“Then I suggest you do so this evening. I am concerned for him.”
“As you wish, my queen.” I waited. Surely that was not what she had called me here to say.
After a moment she sighed. “Fitz. I am alone here as I have never been before. Cannot you call me Kettricken and treat me as a person for a bit?”
The sudden change in tone took me off balance. “Certainly,” I replied, but my voice was too formal. Danger, Nighteyes whispered.
Danger? How?
This is not your mate. This is the leader’s mate.
It was like finding an aching tooth with your tongue. The knowledge jarred through me. There was a danger here, one to guard against. This was my queen, but I was not Verity and she was not my love, no matter how my heart set to beating at the sight of her.
But she was my friend. She had proven that in the Mountain Kingdom. I owed her the comfort that friends owe one another.
“I went to see the King,” she told me. She gestured me to sit and took a chair of her own across the hearth from me. Rosemary fetched her little stool to sit at Kettricken’s feet.
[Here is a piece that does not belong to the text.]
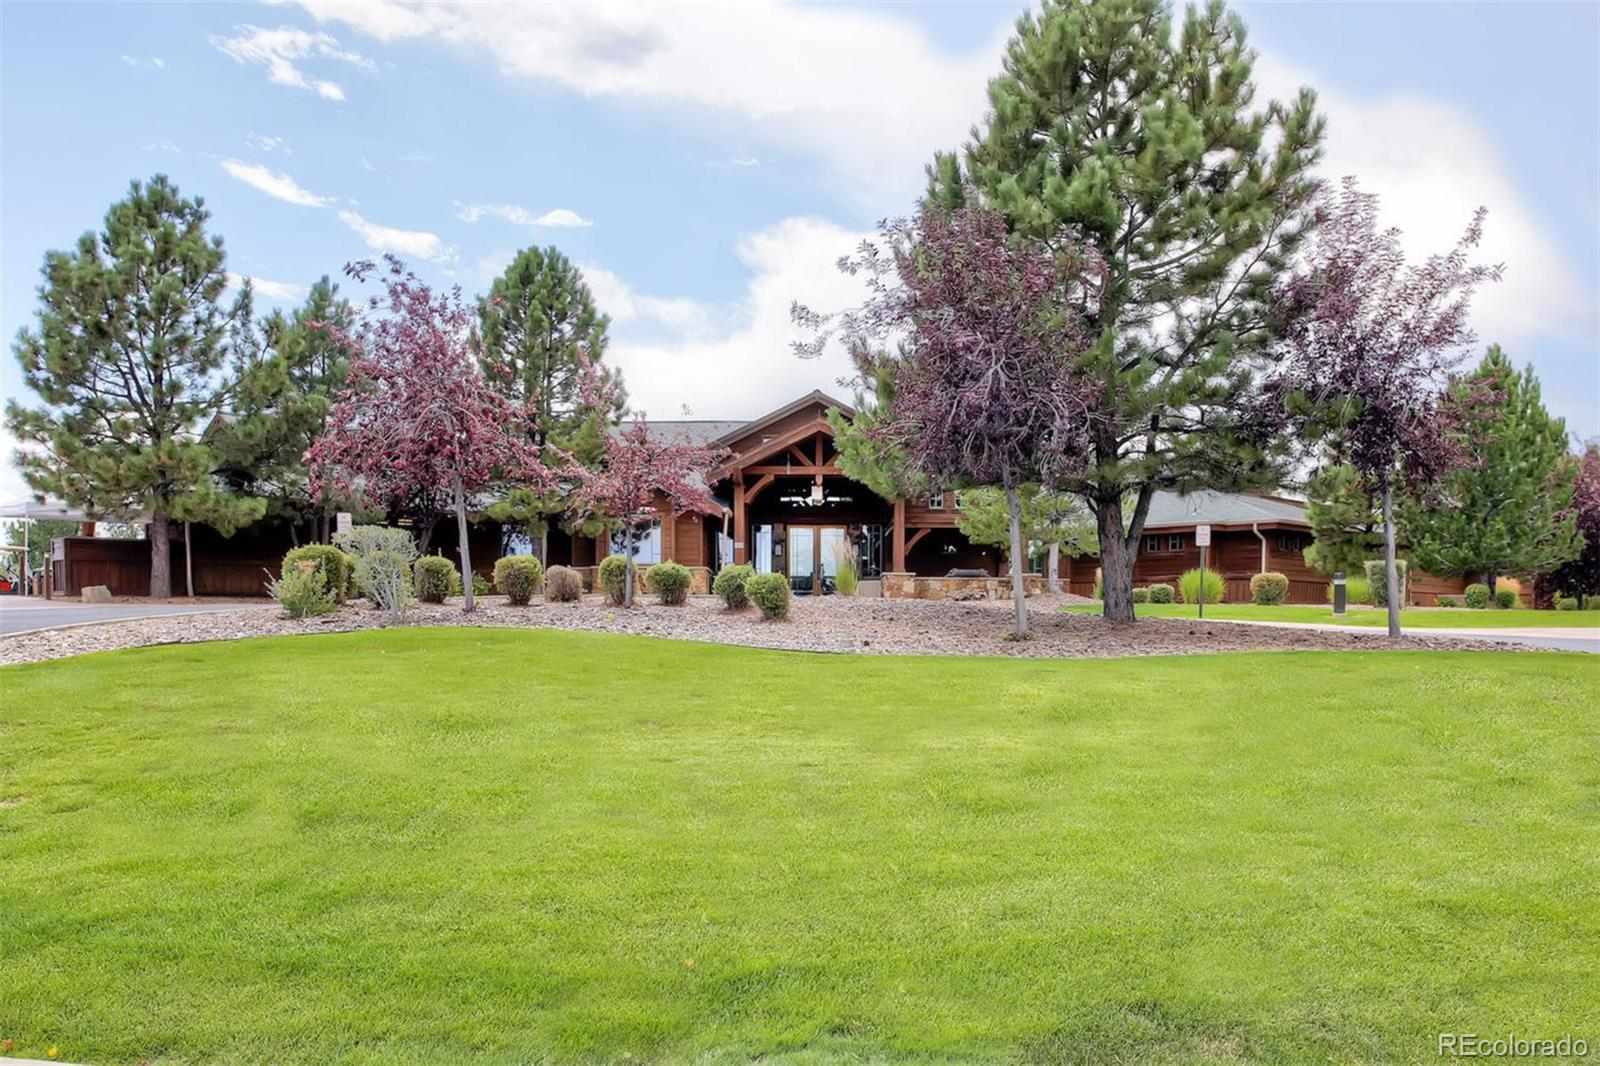 MLS# 8392036 - 35 - 8399 Winter Berry Drive, Castle Pines, CO 80108
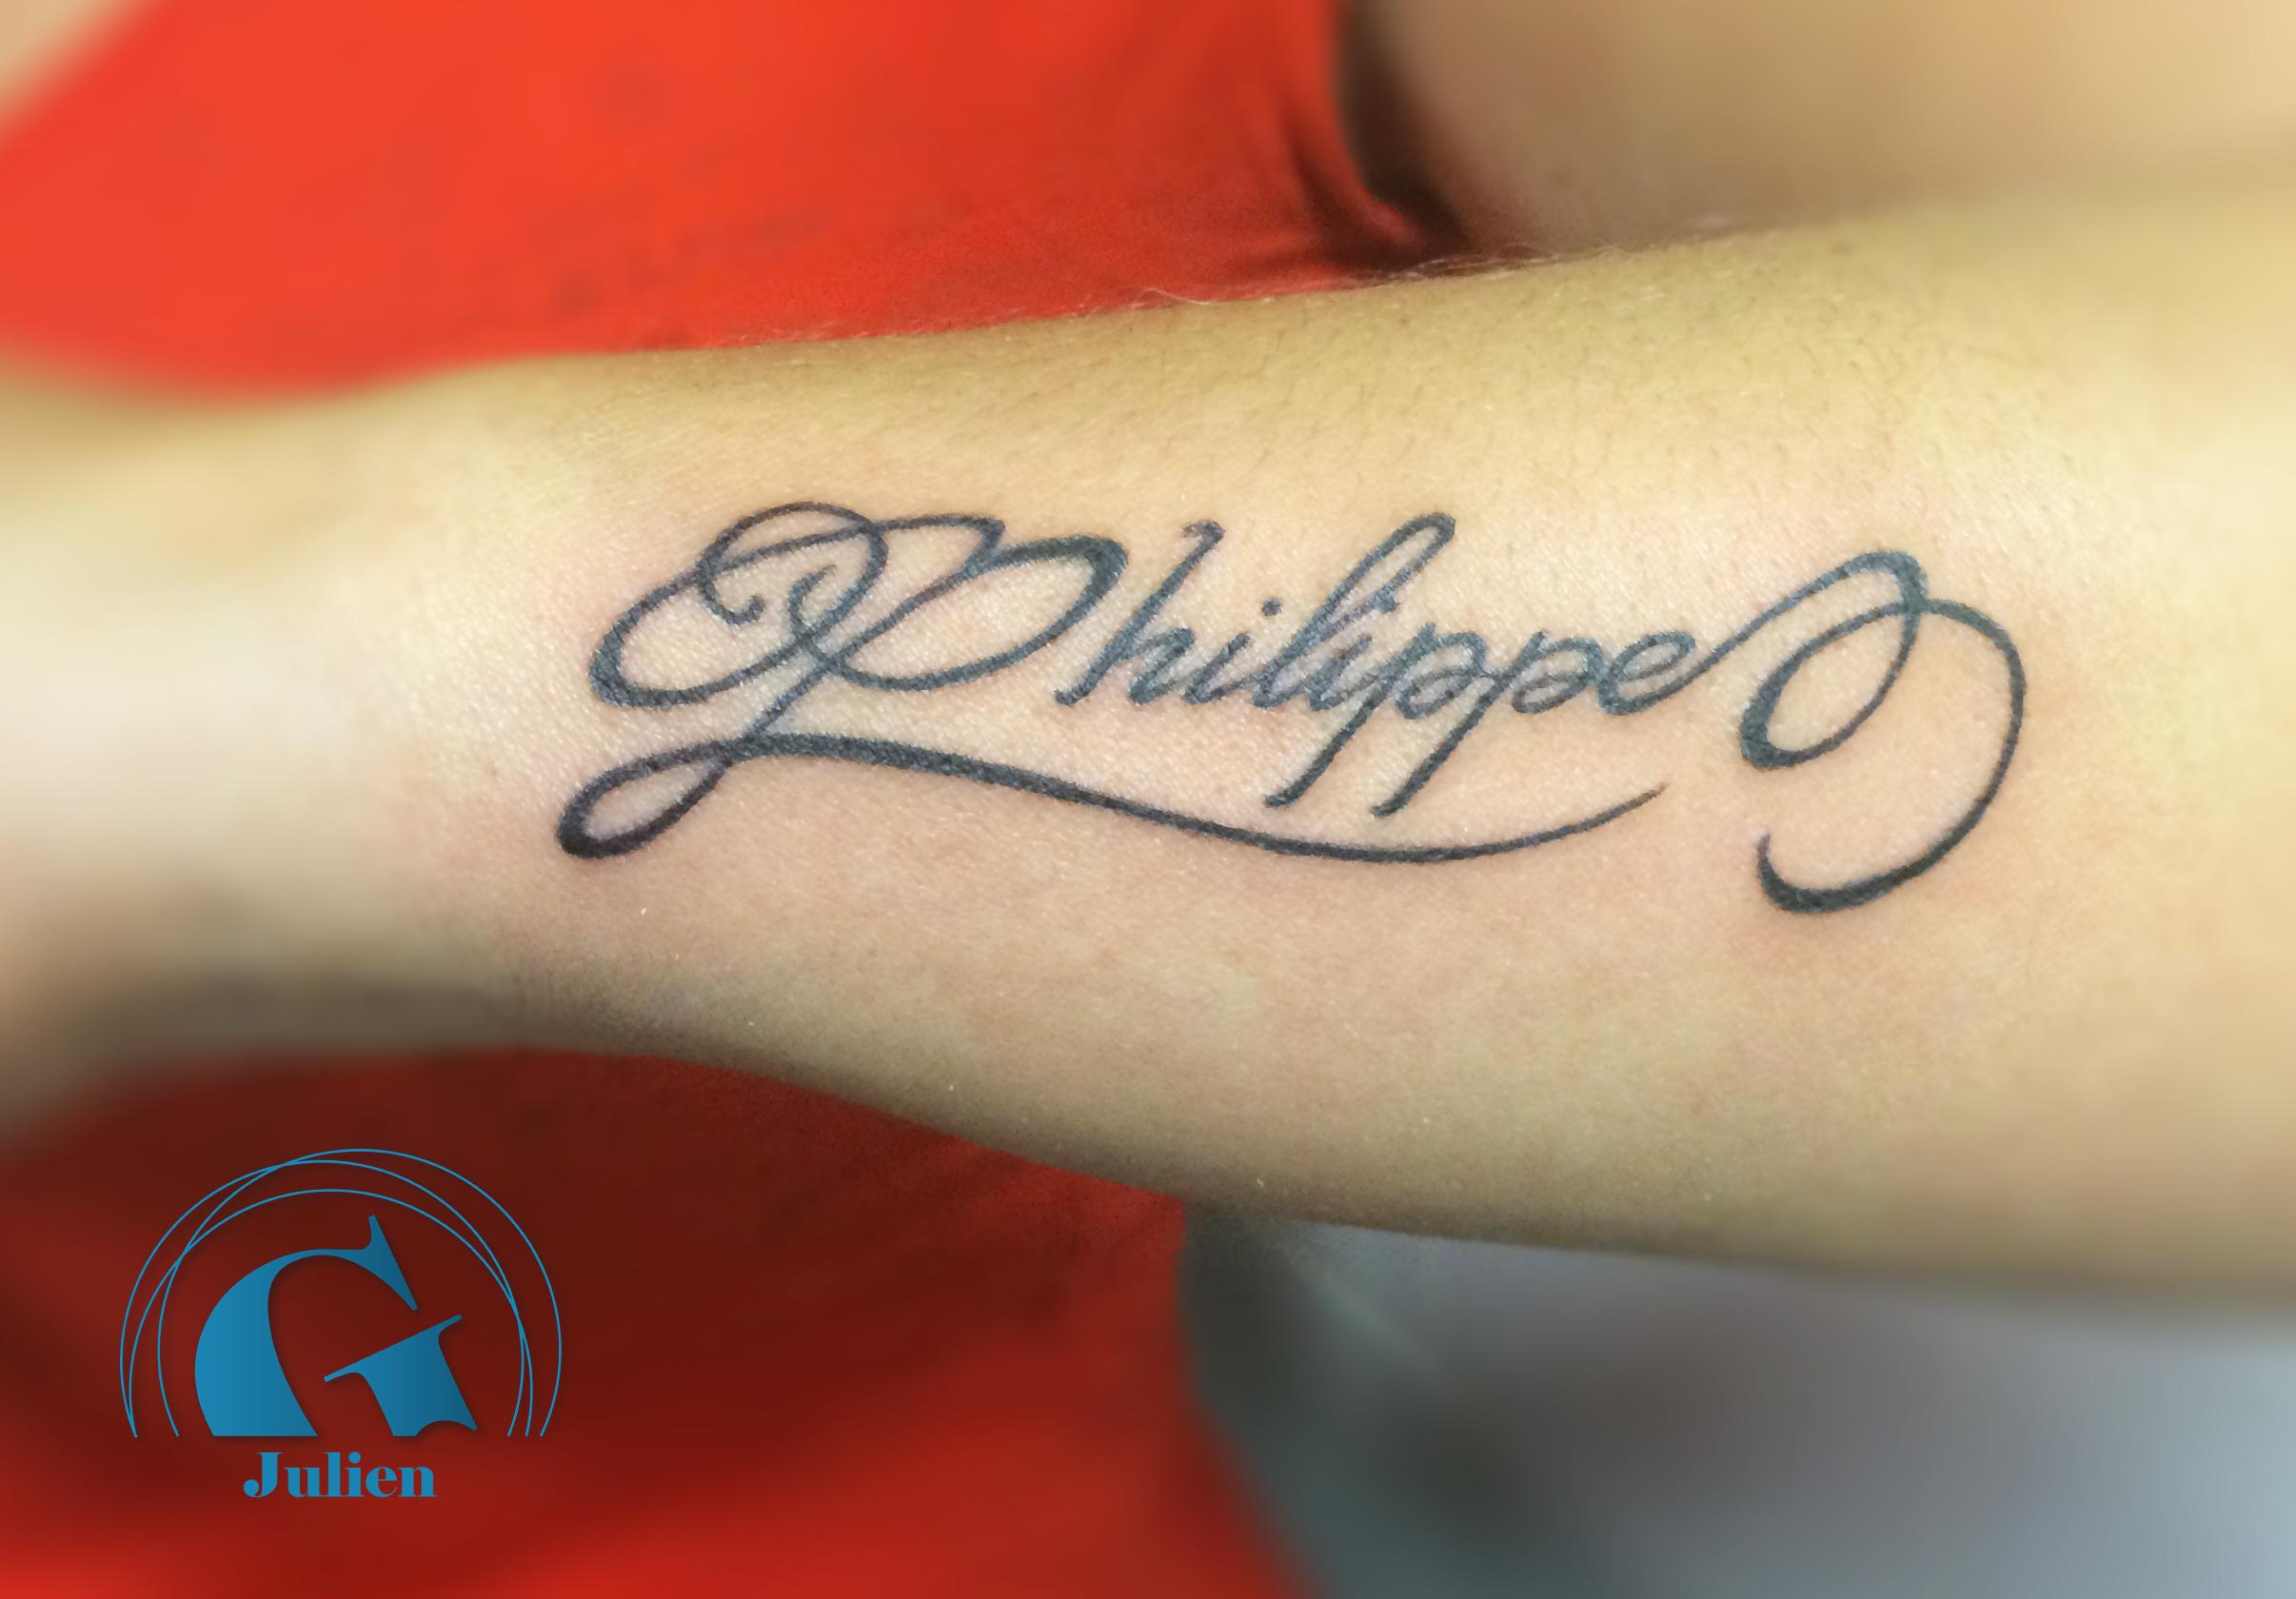 Tatouage ecriture avant bras homme galerie tatouage - Tatouage prenom avant bras ...

Despite our being alone in the room, the Queen lowered her voice and leaned toward me as she spoke. “I asked him directly why I had not been summoned when the rider came in. He seemed puzzled by my question. But before he could even begin an answer, Regal came in. He had come in haste, I could tell. As if someone had run to tell him I was there, and he had immediately dropped everything to come.”
I nodded gravely.
“He made it impossible for me to speak to the King. Instead, he insisted on explaining it all to me. He claimed that the rider had been brought directly to the King’s chamber, and that he had encountered the messenger as he came to visit his father. He had sent the boy to rest while he talked with the King. And that together they had decided that nothing could be done now. Then Shrewd had sent him to announce that to the boy and the gathered nobles, and to explain to them the state of the treasury. According to Regal, we are very near on the brink of ruin, and every penny must be watched. Beam must look out for Beam’s own, he told me. And when I asked if Beam’s own were not Six Duchies folk, he told me that Beam had always stood more or less on its own. It was not rational, he said, to expect that Buck could guard a coast so far to the north of us, and so long. Fitz, did you know that the Near Islands had already been ceded to the Raiders?”